Jo Allison / Jo's Kitchen Larder says
It looks and sounds delicious and nutritious! We eat salmon at least once a week and as we all love pies and kids are crazy about the pastry it would go down a treat here. Very clever way of cutting and arranging pastry too! 🙂
Monika says
Thank you! My kids love pastry too and will eat practically anything that comes with it!
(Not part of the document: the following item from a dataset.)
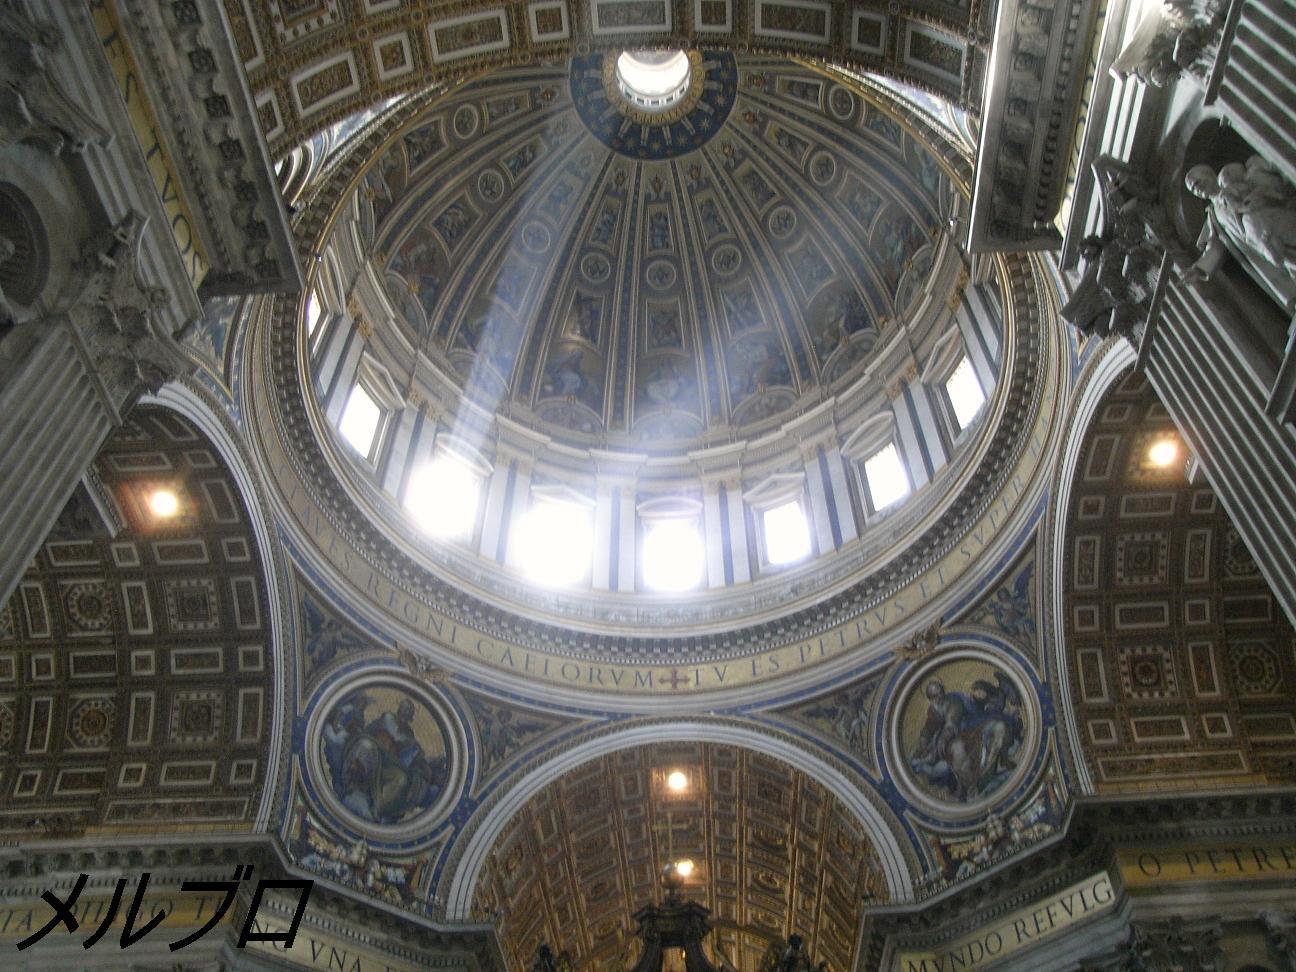 中心の天井

Eb Gargano | Easy Peasy Foodie says
Oooh yum! This sounds lovely. I adore all the flavours and I love that cute thing you've done with the pastry, cutting it into squares - I'm so trying that in the future! Thanks for linking them it to #CookBlogShare. Eb x
Monika says
Thanks Eb, glad you like the squares!
Jacqui Bellefontaine says
I love how you have made the pie top (sorry I must just have to steal this idea) it so much more interesting than just covering with one piece but easy too. I really like the sound of this dish its on my to make list as the lads love salmon and love pie
Monika says
Thank you Jacqui! I like to make patterns on pies, they brown nicely, and it looks better too:)
Dave G says
Looks great! Thanks for the recipe!
Monika says
Thank you! And you are welcome:)
Janice says
This is totally my kind of food! What a delicious recipe.
Monika says
Thank you Janice!
DeeDee says
Sweet potato and Salmon!! 😋❤️
Monika says
It was SO good and SO easy to do too!